Par Eric Favereau (https://www.liberation.fr/auteur/1848-eric-favereau)
— 7 avril 2020 à 11:07

Dans la Marche des fiertés LGBT, à Paris, le 20 juin 1987. Jean-Marie Le Pen venait de
proposer l'instauration de «sidatoriums». Photo Alain Nogues. Sygma. Getty Images
Pionnier de la prise en charge des malades du
VIH et codécouvreur du virus, Willy
Rozenbaum souligne les différences mais
aussi certaines similitudes avec le Covid-19.

Sommes-nous en guerre, comme au temps des premières années du sida ?


«Cette expression ne me choque pas, dit Daniel Defert, président fondateur
d’Aides, en 1985, devenue la plus importante association de lutte contre le
sida en Europe. Mais à la différence du coronavirus, la guerre, ce sont les
malades du sida qui l’ont déclarée, et non les pouvoirs publics.» La
différence est de taille. Sida, Covid-19 : deux sigles qui ont peu à voir. Deux
histoires si différentes, éloignées l’une de l’autre de près de quarante ans.
Mais elles ont quelques points de fuite communs.

Drôle de clin d’œil


Les premiers cas de sida apparaissent au printemps 1981, sur les côtes des
Etats-Unis.

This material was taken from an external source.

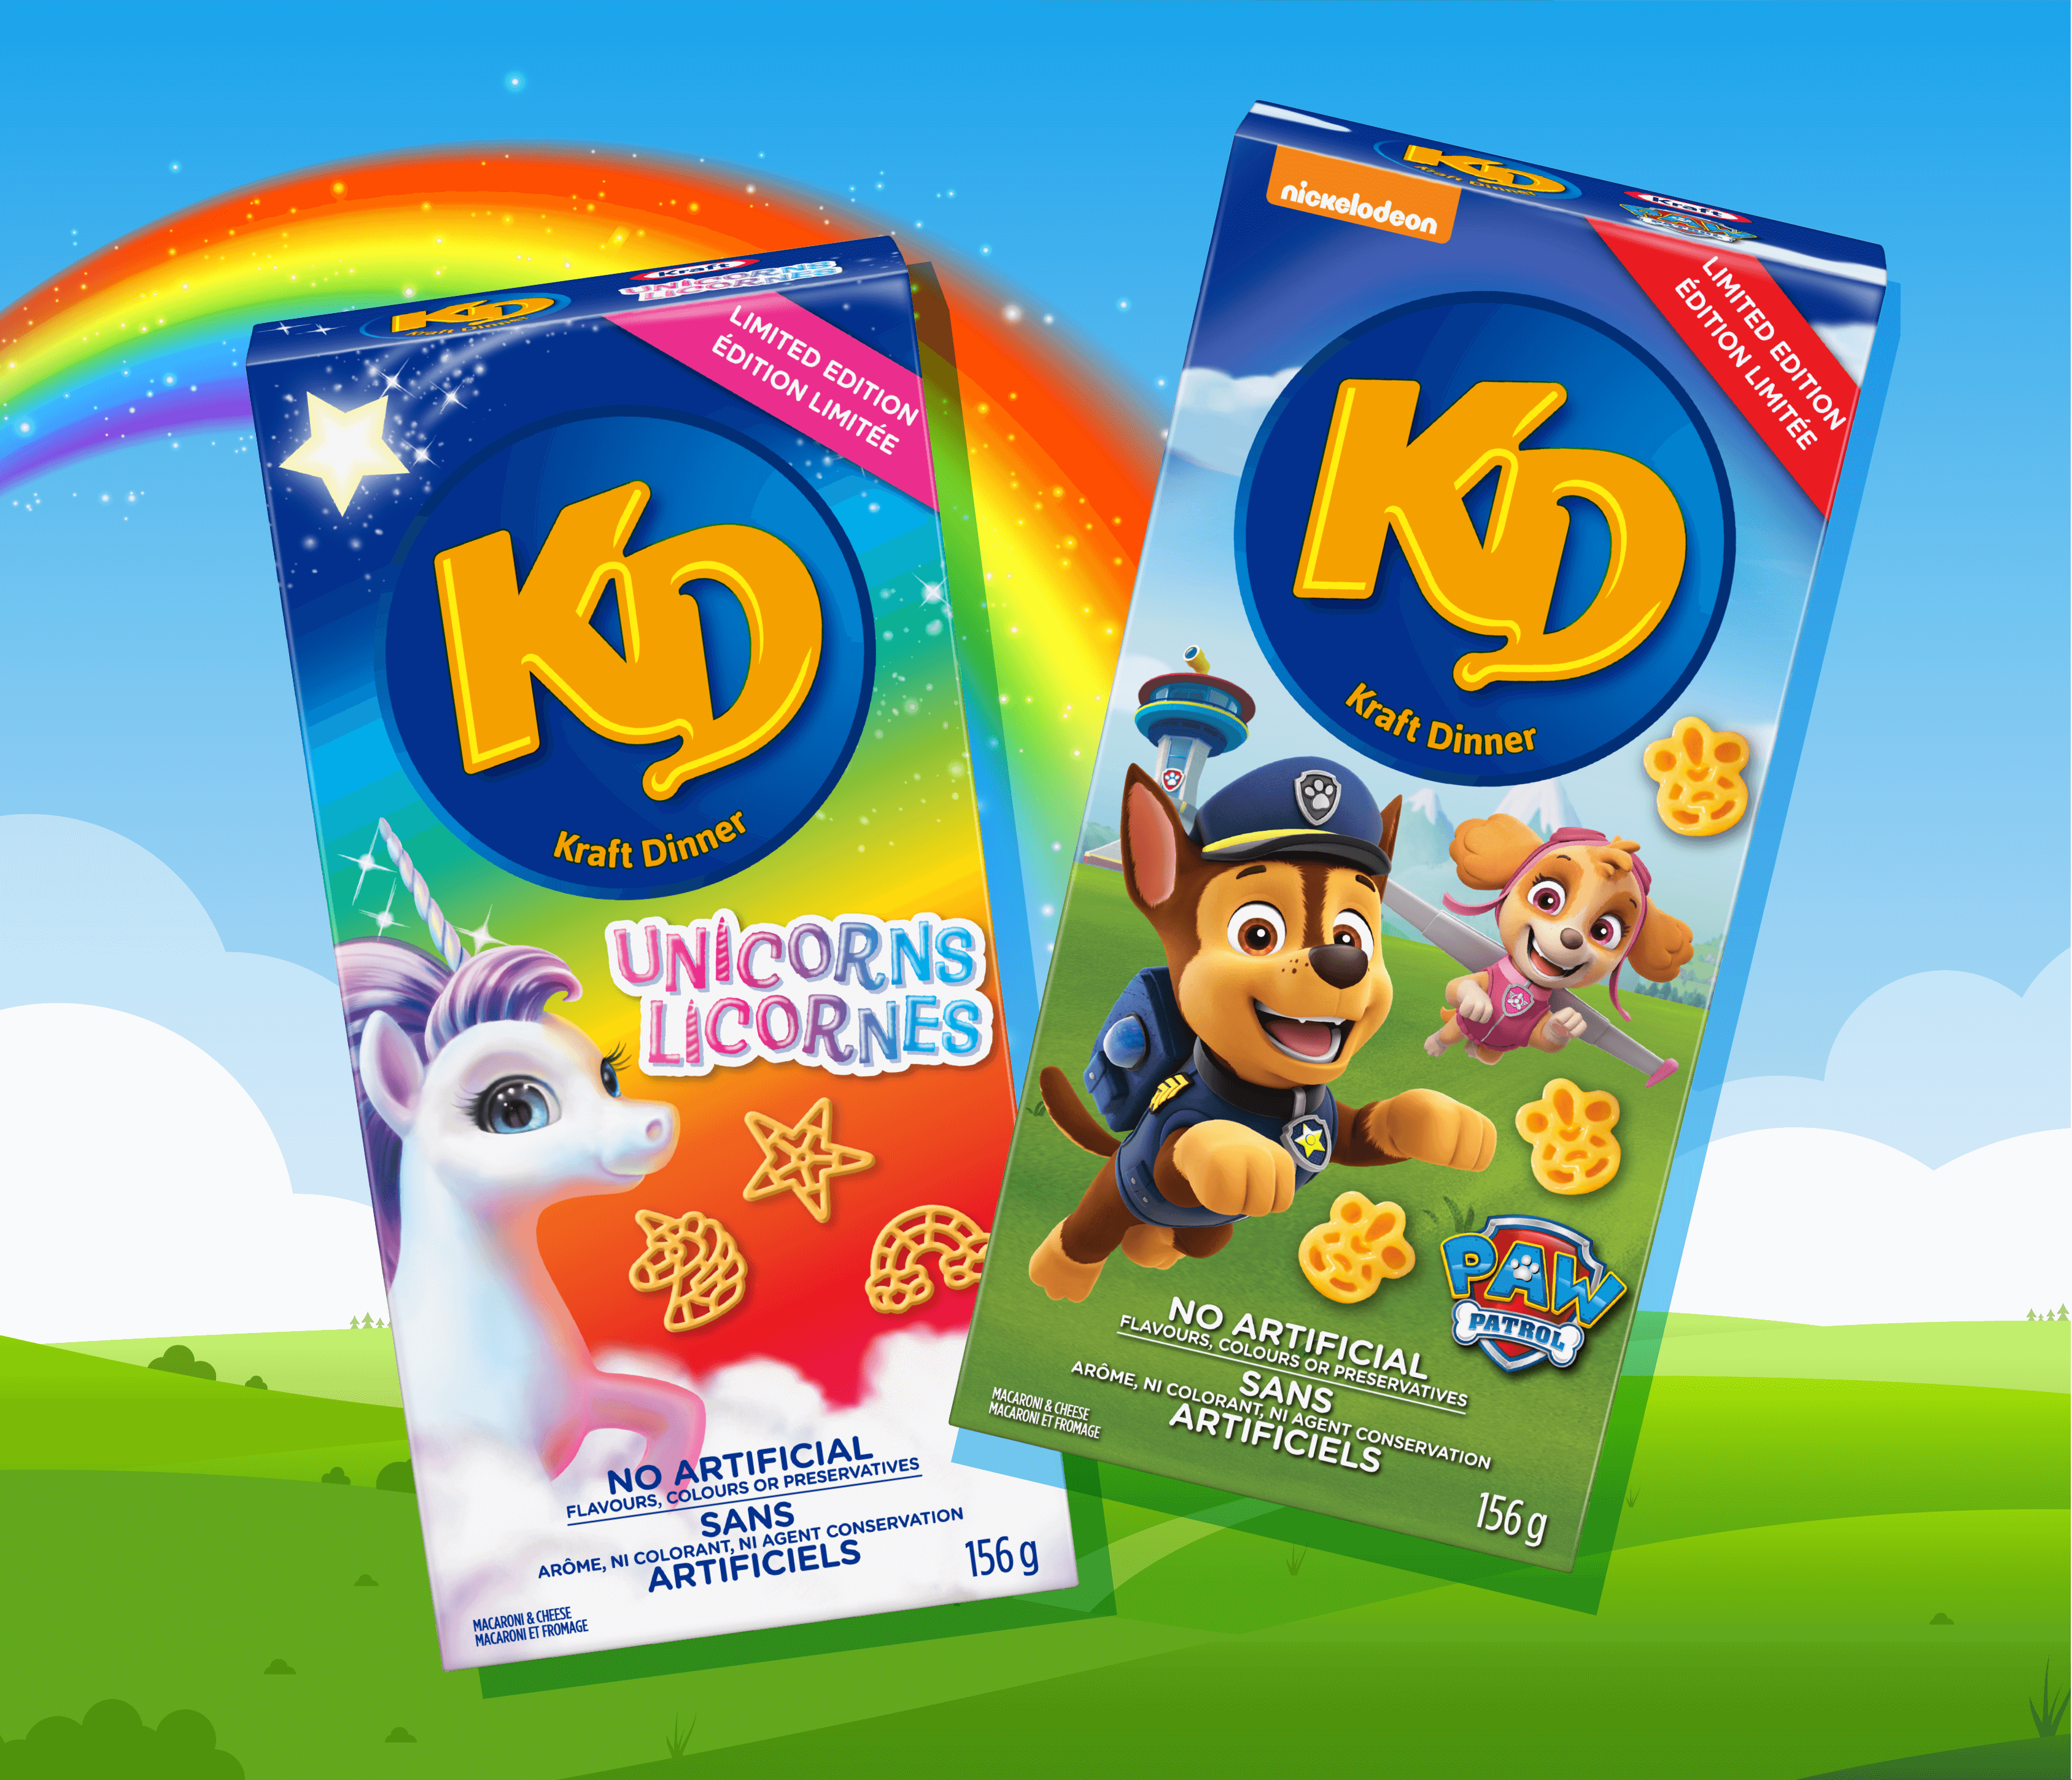 KD limited edition unicorn and paw patrol packaging

Très vite, des cas surgissent aussi en France, dont va s’occuper
Willy Rozenbaum, alors jeune chef de clinique à l’hôpital Claude-Bernard
(futur hôpital Bichat). Willy Rozenbaum est une personnalité atypique,
originale. Au début des années 80, le sida n’intéressait pas les grands
mandarins. «Une maladie de pédés et de toxicos», disait-on. En 1982, ce
jeune médecin aura l’idée géniale de chercher dans les ganglions des
patients la trace d’un rétrovirus éventuel, ce qui sera à l’origine de la
découverte du rétrovirus par l’équipe de l’Institut Pasteur. Aujourd’hui,
l’histoire ne se répète pas. Mais comme un drôle de clin d’œil, la professeure
Françoise Barré-Sinoussi, distinguée du prix Nobel avec Luc Montagnier
pour avoir isolé le virus du sida, préside le Comité analyse, recherche et
expertise (Care)
(https://www.liberation.fr/france/2020/03/25/emmanuel-macron-empile-
les-conseils-scientifiques_1783026) auprès d’Emmanuel Macron sur le
coronavirus. Et Jean-François Delfraissy, longtemps directeur de l’Agence
de recherche contre le sida, préside, lui, le conseil scientifique
(https://www.liberation.fr/france/2020/03/16/un-conseil-scientifique-
pour-guider-le-gouvernement_1781993).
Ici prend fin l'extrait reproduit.